Выбрать главу

- У вас сын или дочка? - с любопытством спросила Ирина.

Она была удивительно красивая сегодня, в вечернем, не «университетском» платье и с «ошеломительной», по замечанию Мухина, прической.

- Младший брат, - насупившись ответил Максим, - кстати, мне, прямо сейчас, нужно к нему заехать.

- Разве вы живете не вместе?

Тут Мухин не утерпел и пошутил:

- Он швырнул с барского плеча брату трехкомнатную квартиру, а сам одиноко живет в загородном особняке.

Ирина хотела что-то спросить, но молчала. Молчала и смотрела.

И другие девушки тоже смотрели и молчали. Смотрели своими внимательными по-женски, пугающе загадочными, подведенными тушью, глазами.

«Как под рентгеном», - мелькнула мысль.

Максим поднялся.

- Серьезно, мне пора.

- Подожди, возьми с собой хоть салатов и пирожков. И брата угостишь, - Томка Красикова стала набивать контейнеры и пакеты.

 

Максим надел куртку, пожал руки ближайшим мужчинам, покивал с улыбкой девушкам, спрятал гостинцы для братца в небольшой рюкзачок и ушел.

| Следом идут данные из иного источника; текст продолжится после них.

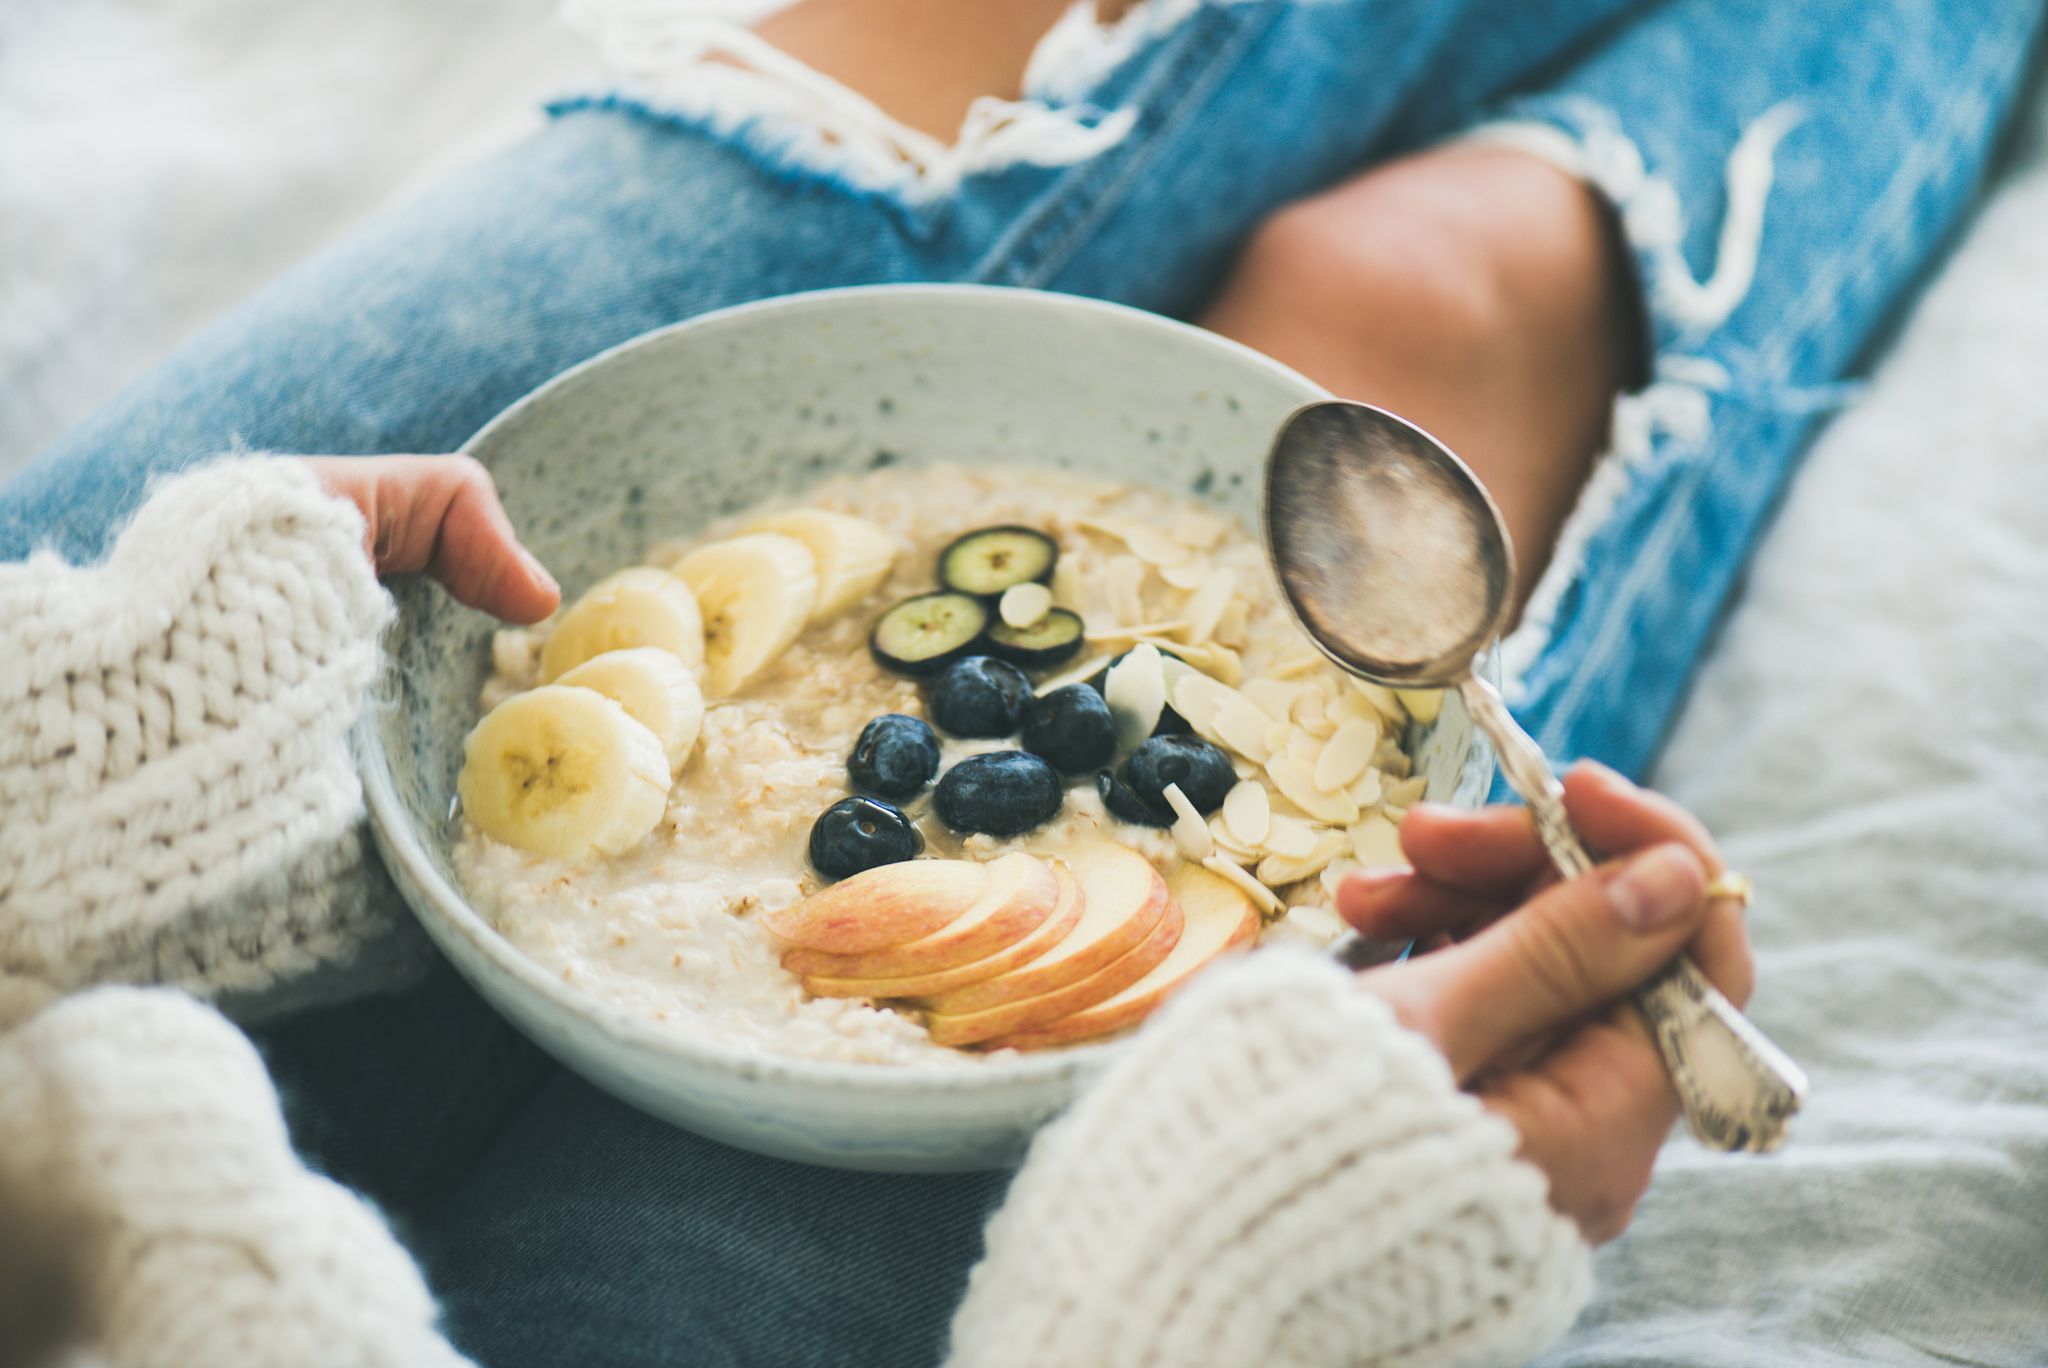 what are the healthiest toppings for porridge?

- Так прямо и в особняке? - спросила Ирина, провожая его глазами.

Томка Красикова с какой-то материнской досадой ответила:

- Мухину бы с его жуткими преувеличениями детские фильмы снимать - Максим живет в очень скромном домике, где давно уже пора все выкинуть или хотя бы окна поменять. А юный балбес, его братец, непонятно почему, действительно живет в шикарной квартире.

- А я уже удивилась - для особняка у него слишком умные глаза.

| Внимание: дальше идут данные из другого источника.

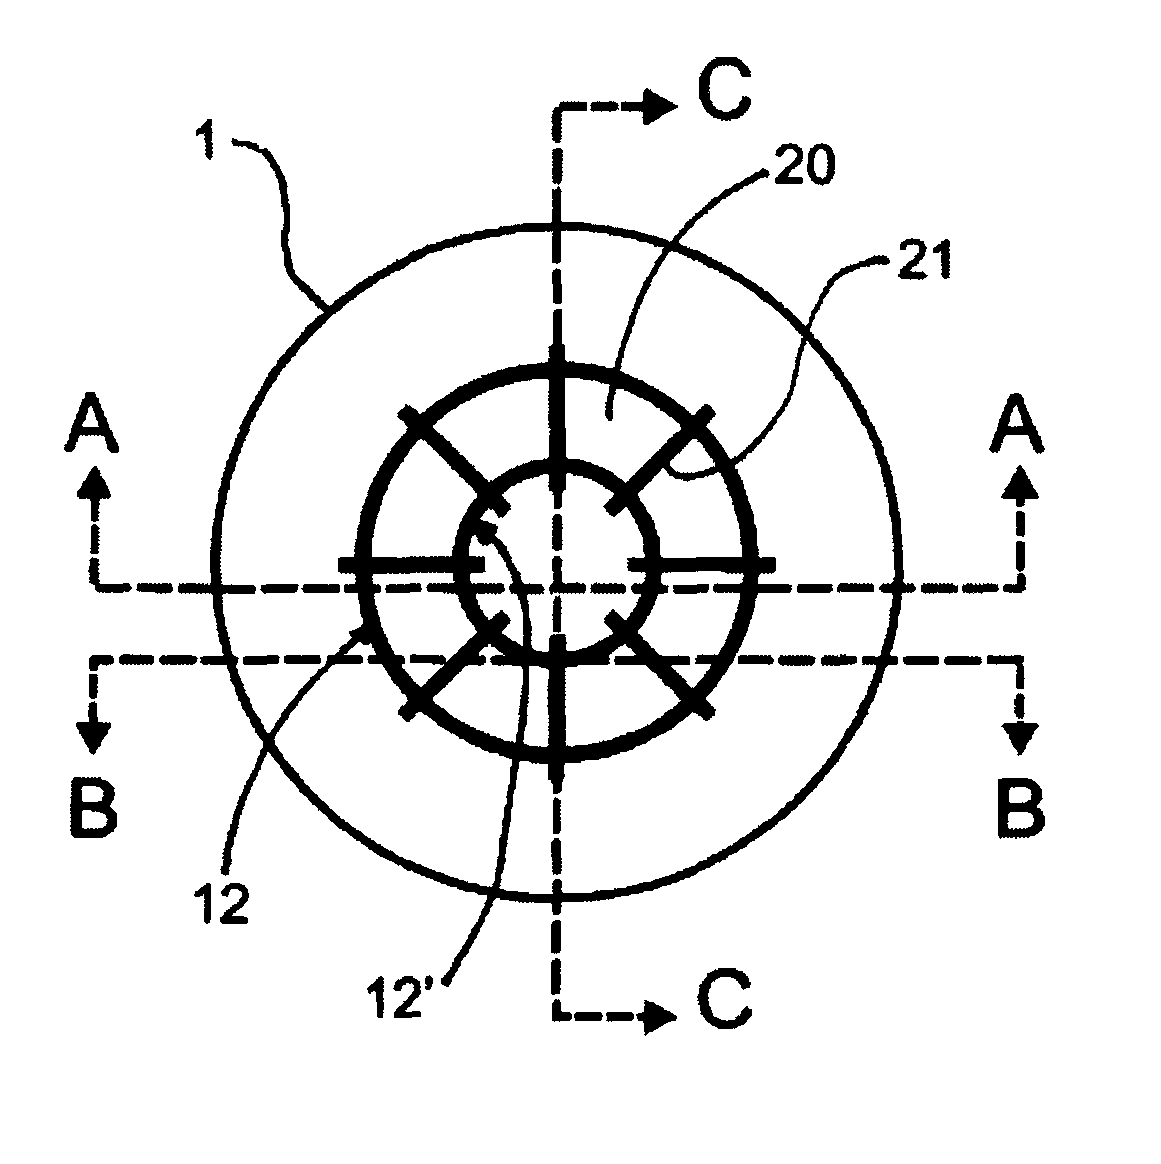 Control device for a surgical laser

И молодые ученые заговорили о несправедливости в материальном.

 

Квартира, когда-то принадлежавшая родителям Максима, и где теперь проживал братец Васечка, находилась недалеко, в «центре», как называли горожане часть своего города, соответствующую Лондонскому Сити. Местоположение квартиры делало ее удобным местом встреч или «тусовок» разнообразных представителей того счастливого поколения, к которому принадлежал и Васечка, и которое было настолько фантастично эгоистичным и инфантильным, что казалось окончательным, заключительным итогом всей истории человечества. Высшей фазой, в которой, по утверждению диалектиков, движение, а стало быть, и жизнь останавливаются.

Максим открыл дверь, разулся и прошел на кухню. Из комнаты Васечки доносились делящиеся какими-то «приколами» голоса - у него уже собирались поклонники «духовного онанизма», как в сердцах охарактеризовал их как-то Максим.

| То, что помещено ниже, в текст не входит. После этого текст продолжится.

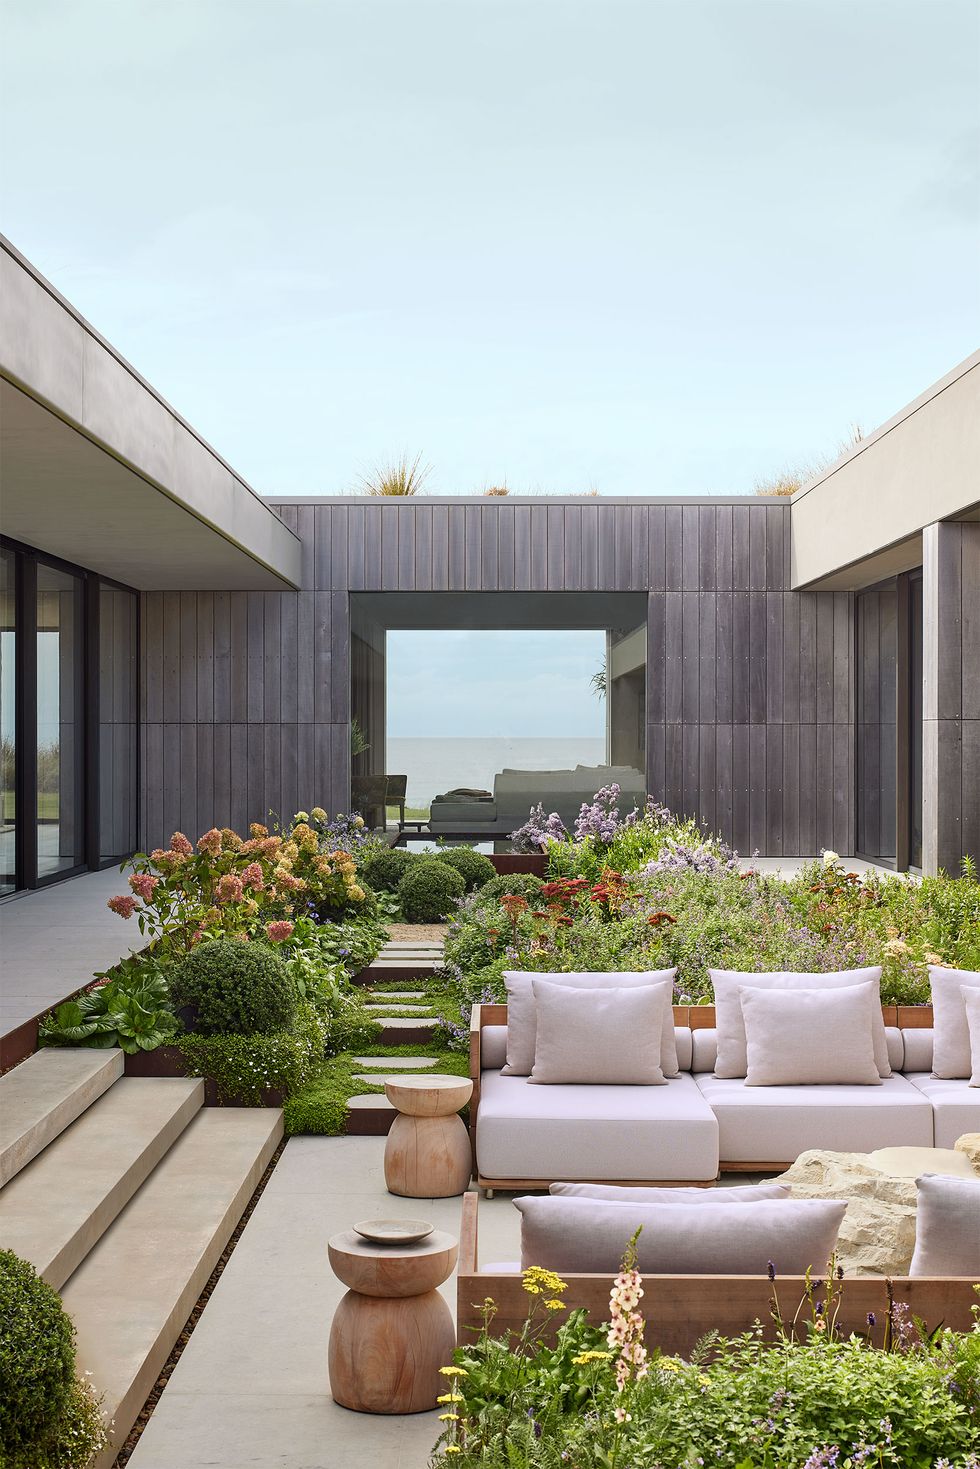 A patio framed in gray wood with opposing wooden sofas with white cushions, two circular wooden tables, steps leading inside and to a garden area with shrubs and flowers, and a large window overlooking the sea.

Холодильник Васечки был, по обыкновению пуст и пах юным голодом.

- Привет, Макс, - Васечка появился в дверях кухни, - ты обещал забросить денег. Сегодня.

- Да.

Максим вынул «фон» и ввел код.

Васечка, прислушиваясь к голосам товарищей, улыбаясь чему-то и, по-видимому, быв всецело там, с ними, равнодушно смотрел на экран своего гаджета.

- Все что ли? Это все?

Он недоуменно, как ребенок, обманутый взрослыми, смотрел на Максима, и казалось, нижняя губа его начинала капризно подрагивать, как в детстве перед ревом, а его глаза так походили на глаза их матери! «Что же ты?» - читалось в них, - «Мы с отцом, мы все ждали от тебя большего».

- Ах, прости, я и забыл о подарке, - и Максим сделал другой перевод.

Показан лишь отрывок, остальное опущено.